→ WHAT IS EXPECTED: Without including any pictures, reproduce all the lines below word for word.

→ DATASET SECTION:
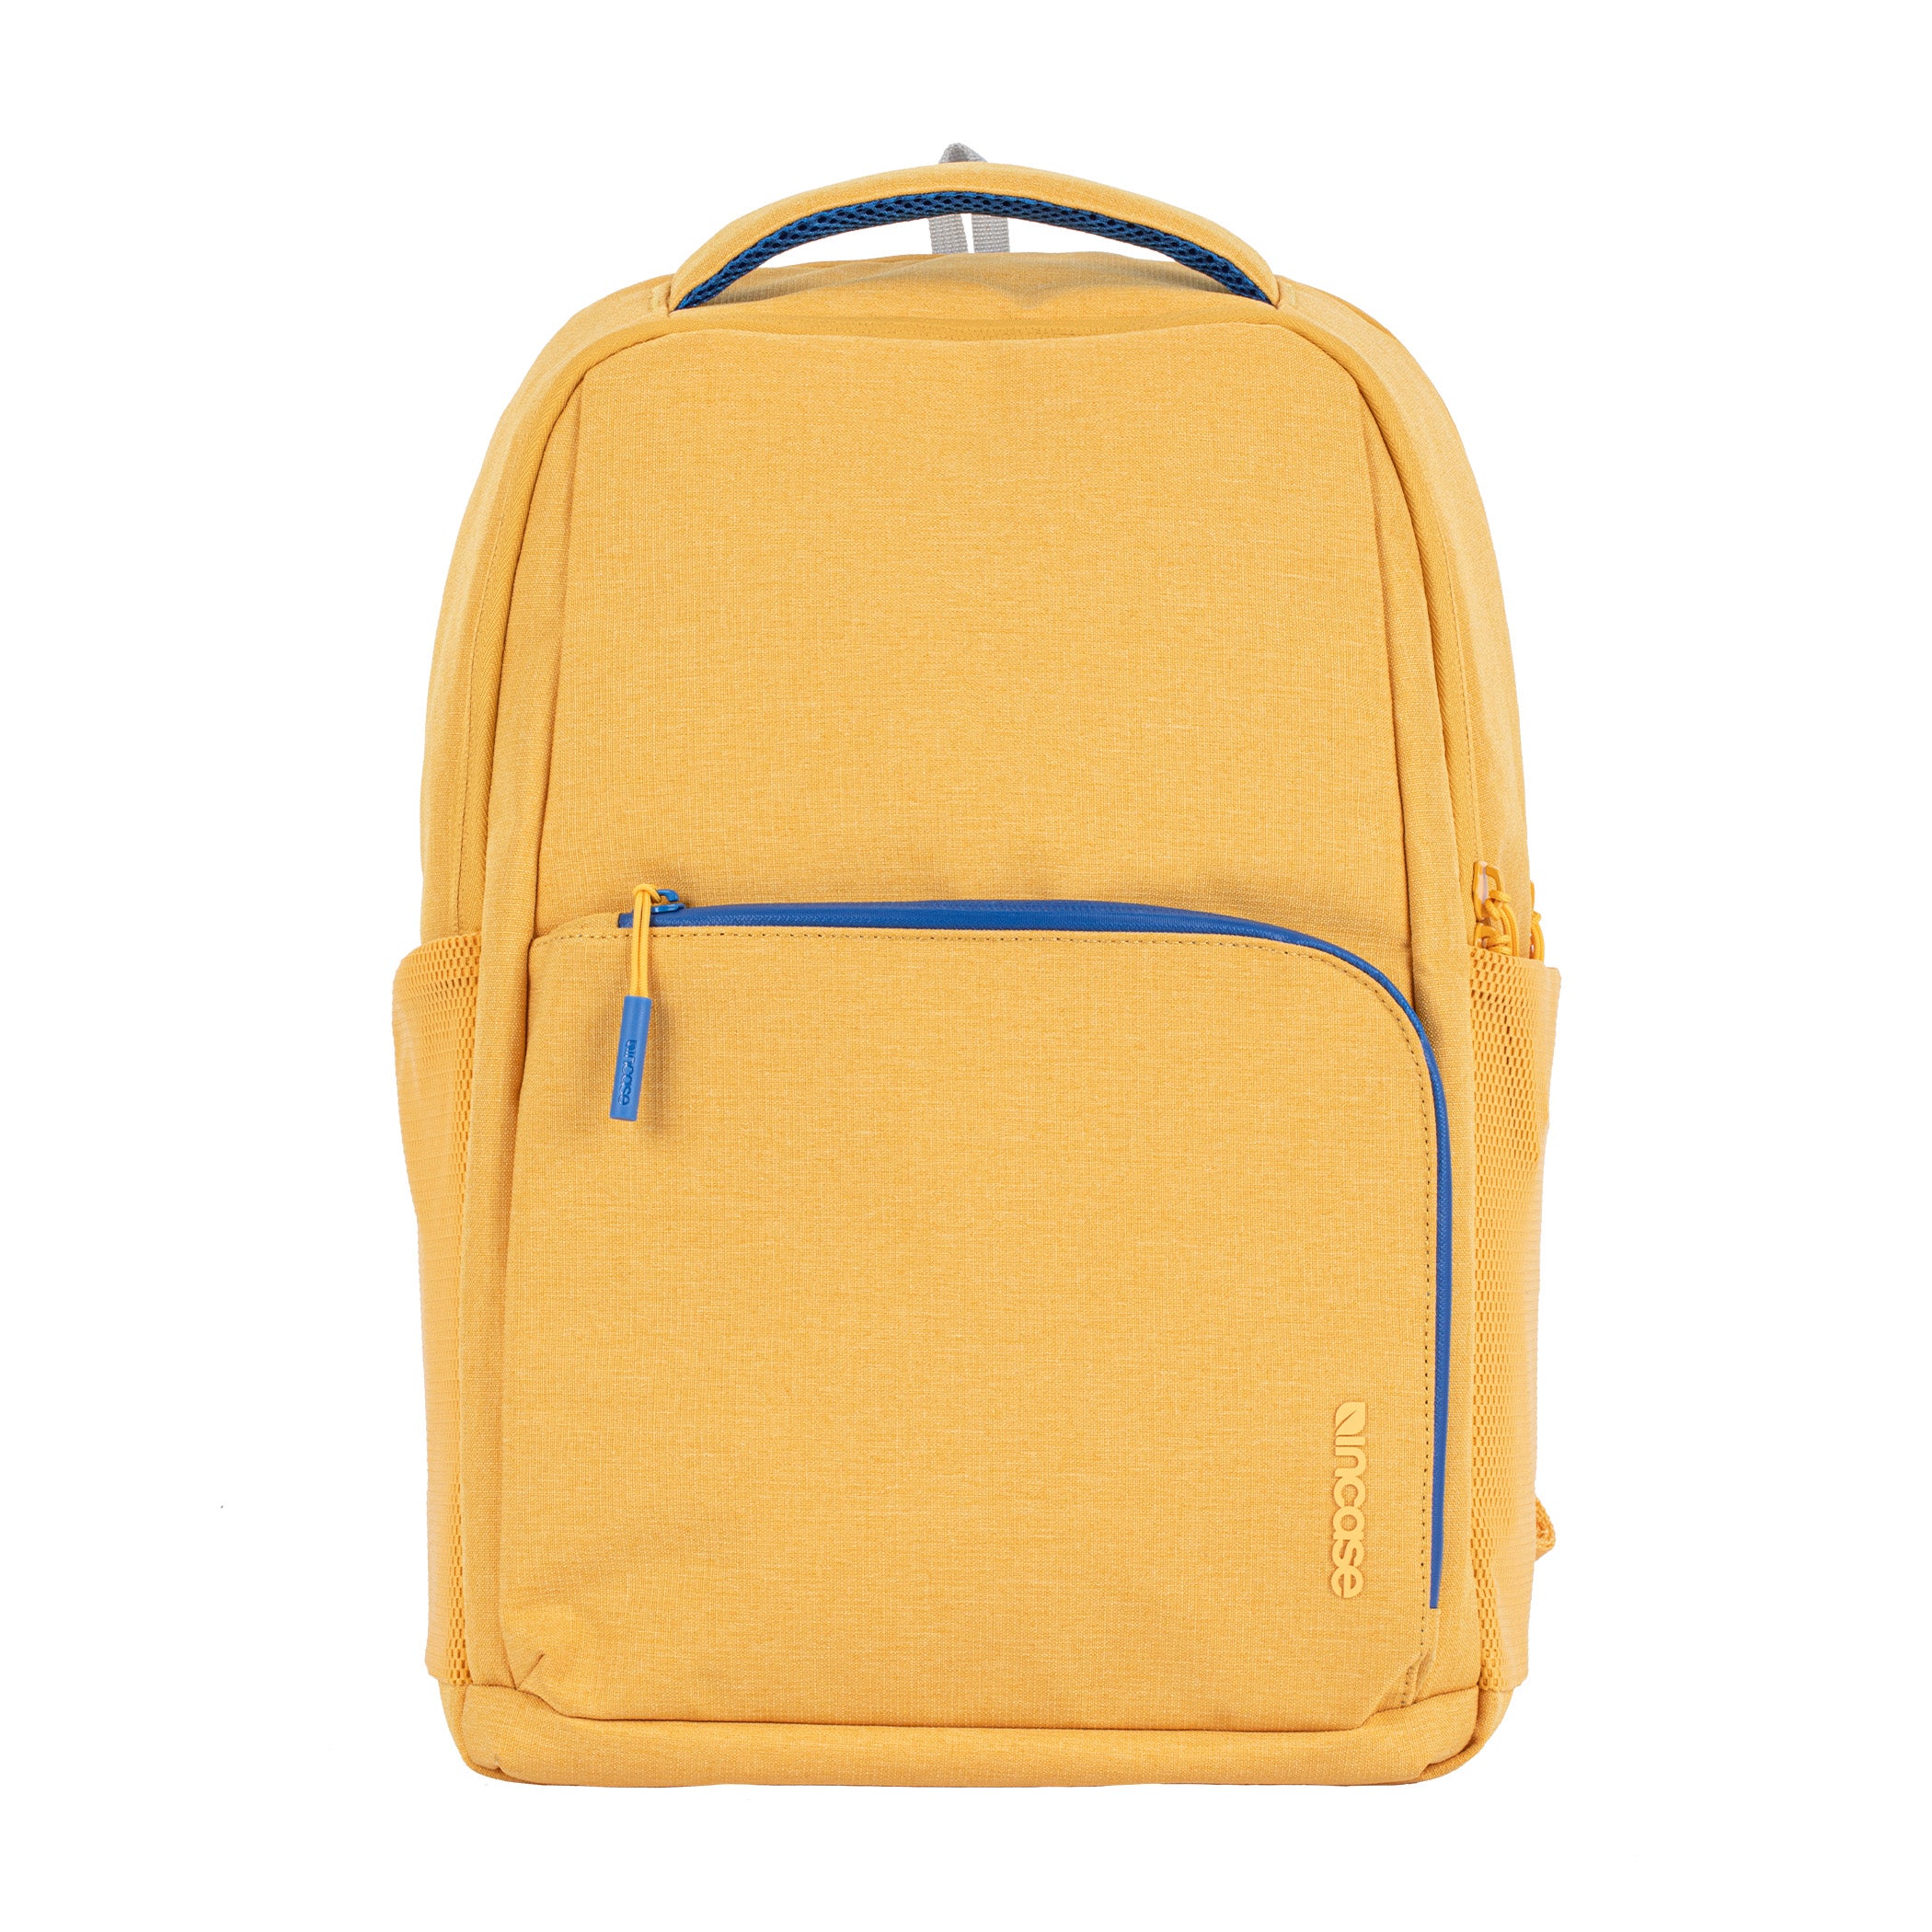 ファセット 20l バックパック(Facet 20L Backpack) - Yellow(イエロー) - Incase（インケース）公式通販
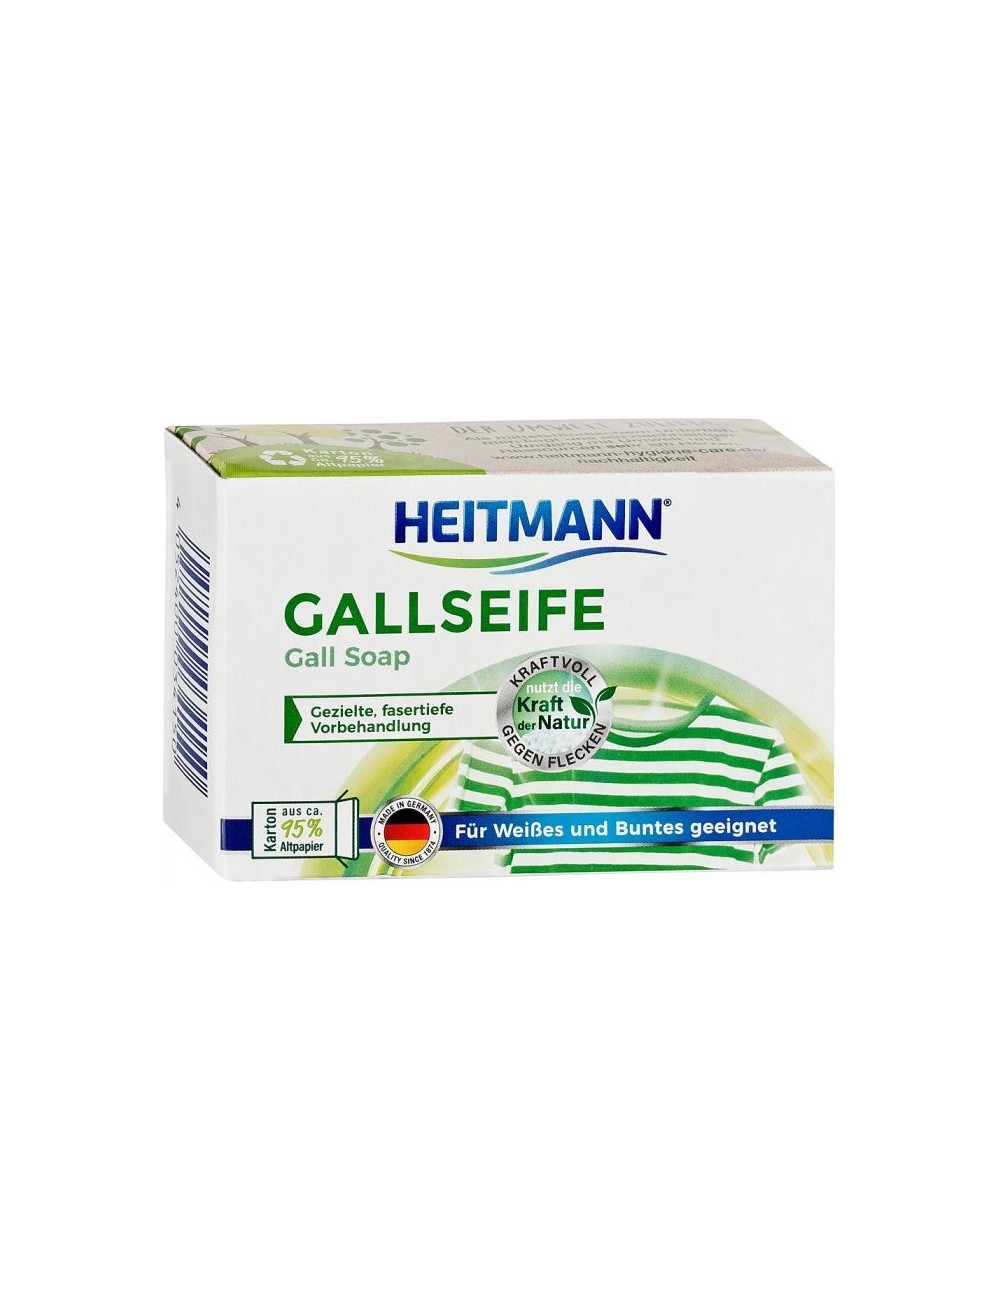 Heitmann Gallseife Niemieckie Mydełko na Plamy 100 g
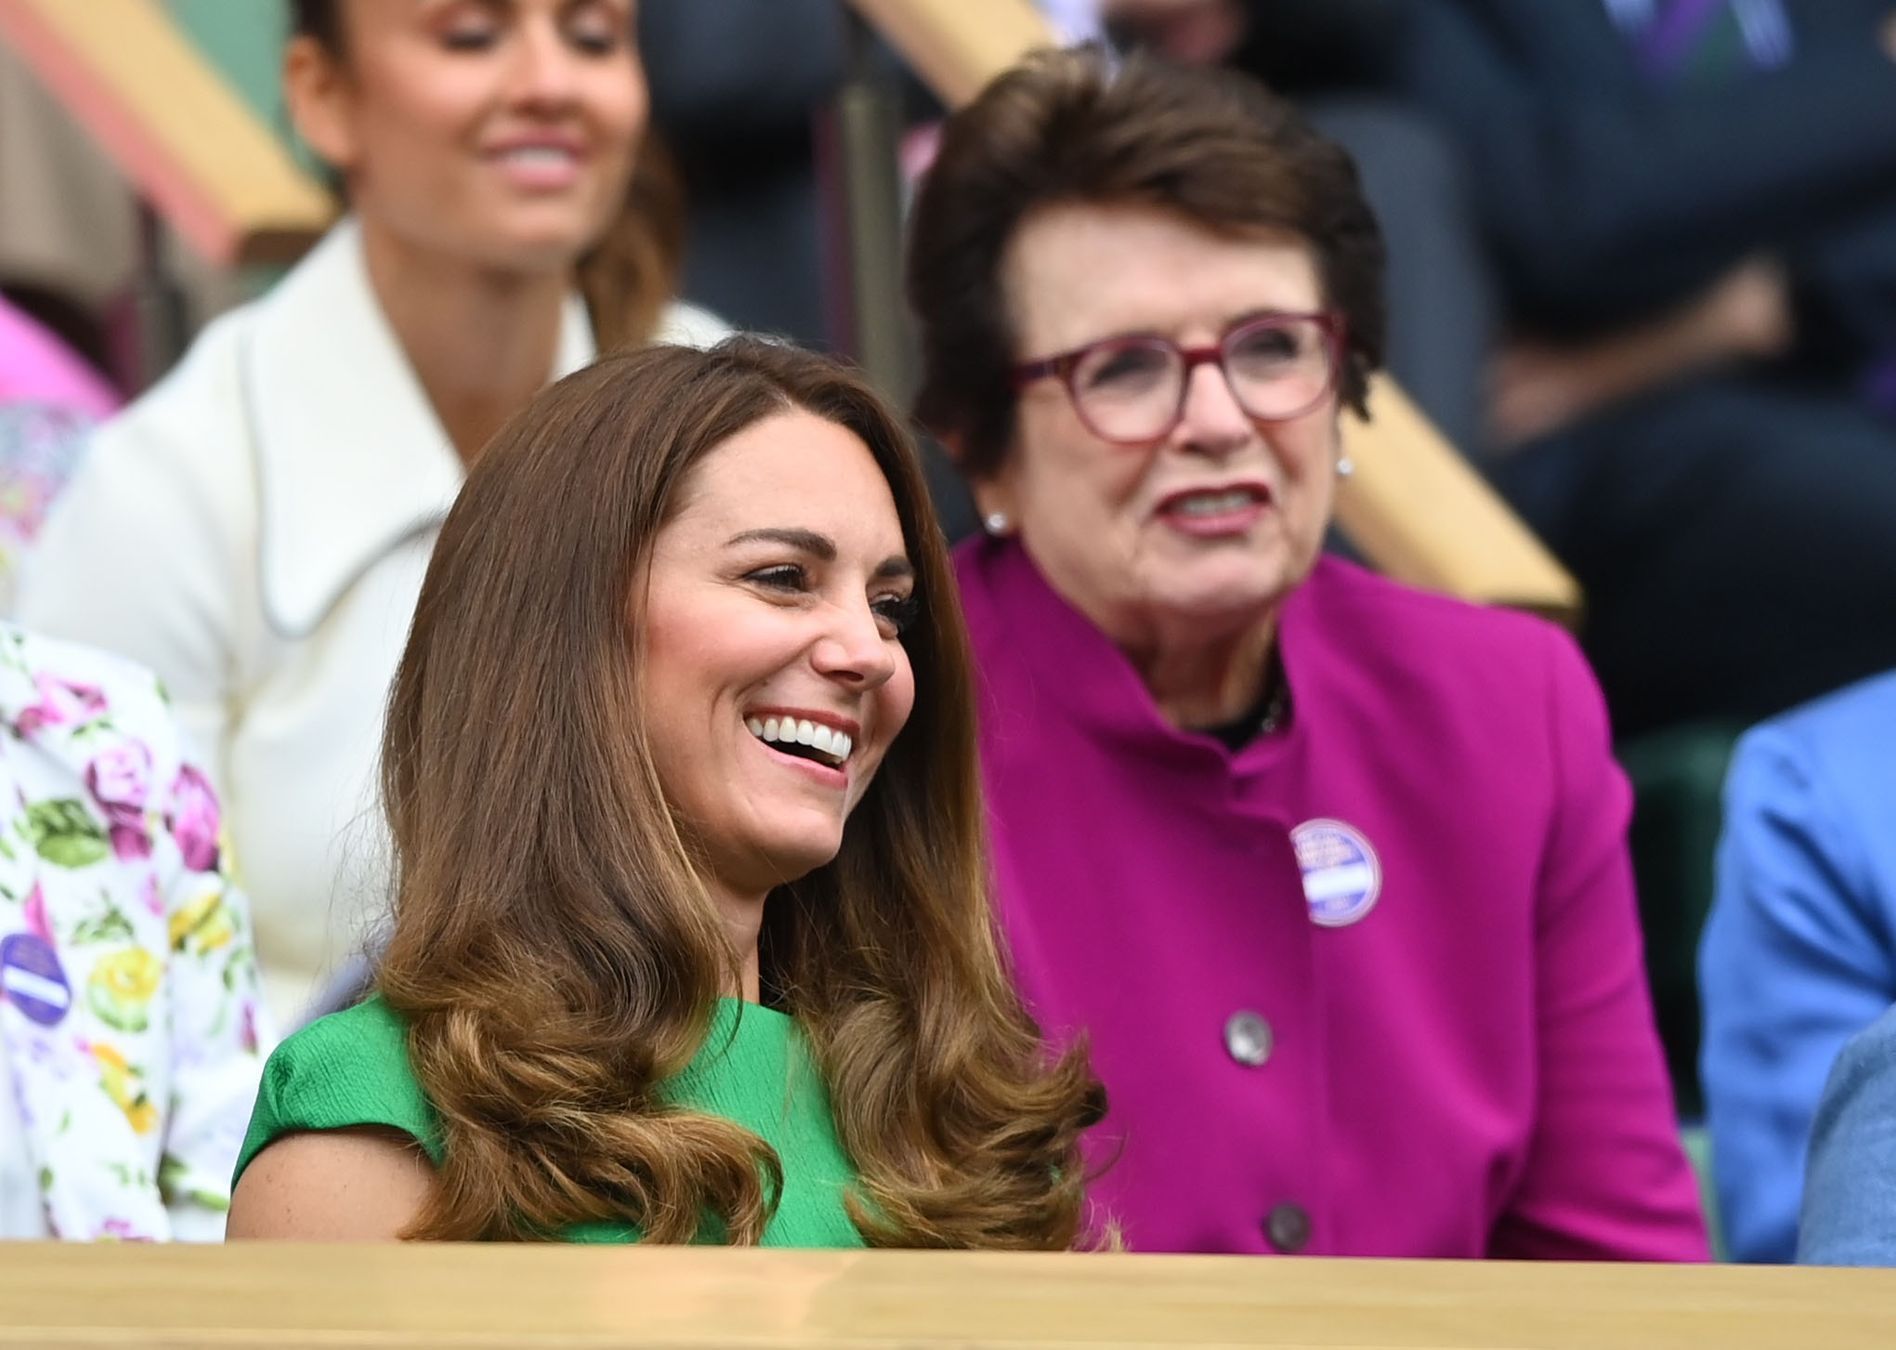 Catherine a vévodkyně z Cambridge a Billie Jean Kingová v hledišti finále Wimbledonu 2021 Karolína Plíšková - Ashleigh Bartyová.

→ EXERCISE RESPONSE:
 ファセット 20l バックパック(Facet 20L Backpack) - Yellow(イエロー) - Incase（インケース）公式通販
 Heitmann Gallseife Niemieckie Mydełko na Plamy 100 g
 Catherine a vévodkyně z Cambridge a Billie Jean Kingová v hledišti finále Wimbledonu 2021 Karolína Plíšková - Ashleigh Bartyová.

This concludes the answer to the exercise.